America's first practical gasoline automobile

The Buckeye Gasoline Buggy, also known as the Lambert gasoline buggy, was an 1891 gasoline automobile, the first made in the United States. It was also the first automobile made available for sale in the United States. It was initially a three-wheel horseless carriage, propelled by an internal combustion gasoline engine; it was later developed into a four-wheel automobile with a gearless transmission, and mass-produced during the first part of the twentieth century. The platform was later expanded into a line of trucks and fire engines.

==Creation==
John William Lambert built the United States' first gasoline internal combustion engine automobile, according to a five-year study by L. Scott Bailey (an automobile historian, editor, and publisher) which found substantial evidence to enter the claim on Lambert's behalf. In 1891, Lambert successfully designed and built the automobile, and drove it on the streets of Ohio City, Ohio. Henry Ford and Duryea Brothers would not construct automobiles of their own until several years later.

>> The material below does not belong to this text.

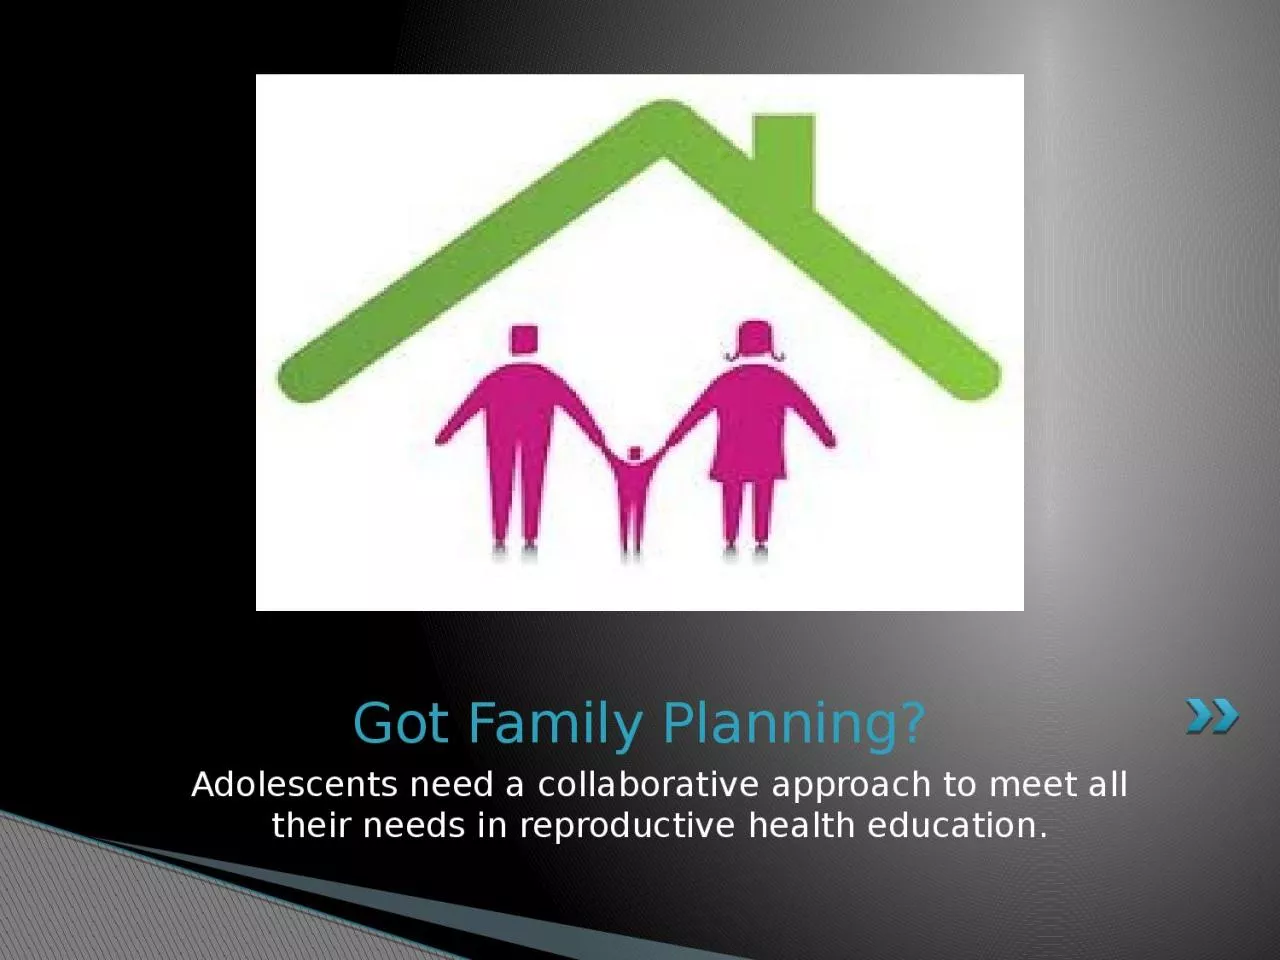 Adolescents need a collaborative approach to meet all their needs in reproductive health

In Europe, Carl Benz and Gottlieb Daimler produced the first gasoline automobiles in 1885–1886. The Duryea brothers made their first American automobile in 1893, and three years later started mass-producing cars at Duryea Motor Wagon Company; Henry Ford started mass-producing cars in 1899 at the Detroit Automobile Company.

==Initial model==
Lambert initially worked on an internal combustion three-cylinder gasoline engine in 1890. He successfully tested it in January 1891, inside an 80 ft farm equipment showroom he owned and managed in Ohio City, Ohio. He did his first outside driving in late February of that year, on the main street of the city. It had a four-stroke engine. It had a forward center small wheel for steering, which was operated by foot with a stirrup-type device.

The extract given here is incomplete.